Oliver Rollins, PhD, Assistant Professor of Sociology, University of Louisville
While race, and especially its mistaken interpretation as a biological reality, has played a key role in the production of biological understandings of violence, recent research on violence using neuroimaging technologies reveals a conspicuous absence of race. Despite these efforts to move away from race, today’s neuroscience of violence is (still) haunted by what I call the “taboo of race.” In this talk, I argue that the function of the taboo of race, as a “color-blind” reading of racial difference, has prevented these neuroscientists from accurately capturing the dynamic effects of racism, and especially how the social effects of racial discrimination help demarcate which behaviors and persons are recognized and treated as criminal or antisocial.
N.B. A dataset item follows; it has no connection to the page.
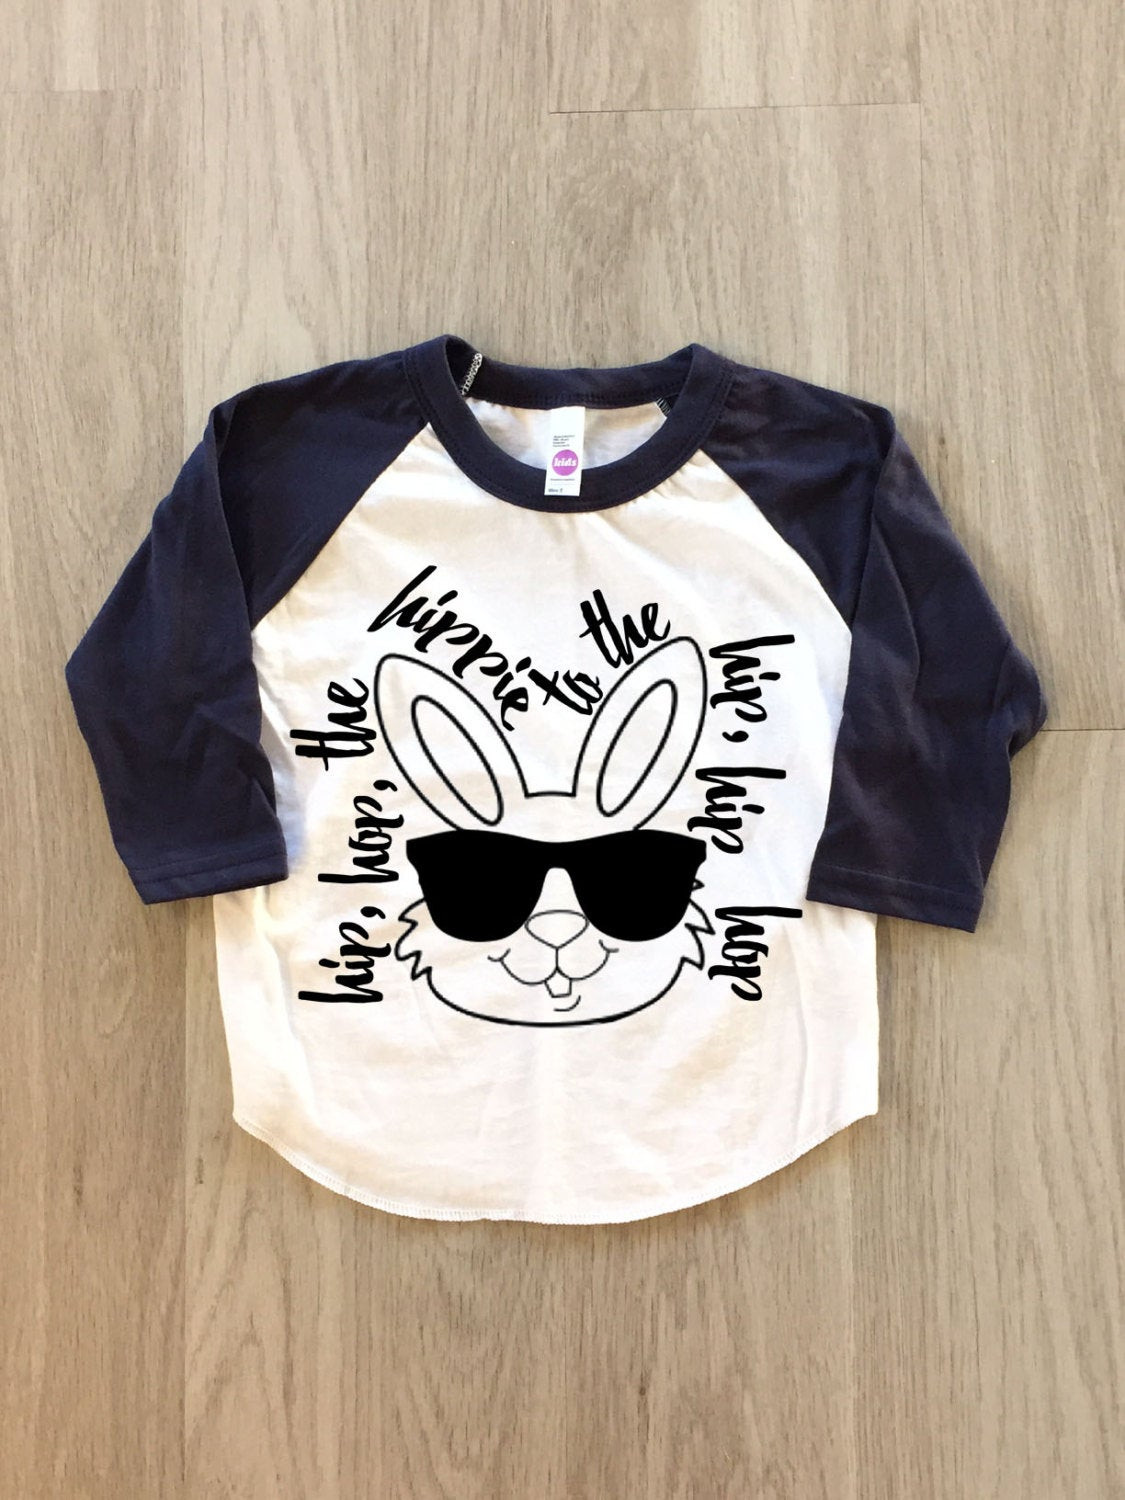 Easter Shirt Ideas
 Hip Hop Easter Shirt baby boy or girl clothes toddler shirt

As a result, the taboo of race can unintentionally nourish illogical links among race, biology, and crime, and help bolster already problematic surveillance and law enforcement tactics against racially marginalized communities through the guise of public health and safety
Rollins, Oliver. 2021. “Towards an antiracist (neuro)science.” Nature: Human Behaviour. https://doi.org/10.1038/s41562-021-01075-y Rollins, Oliver. (forthcoming). Conviction: The Making and Unmaking of the Violent Brain. Stanford, CA: Stanford University Press. Available, July 13, 2021 https://www.sup.org/books/title/?id=28770 Roberts, Dorothy and Oliver Rollins. 2020. “Why Sociology Matters to Race and Biosocial Science.” Annual Review of Sociology 46:195-214.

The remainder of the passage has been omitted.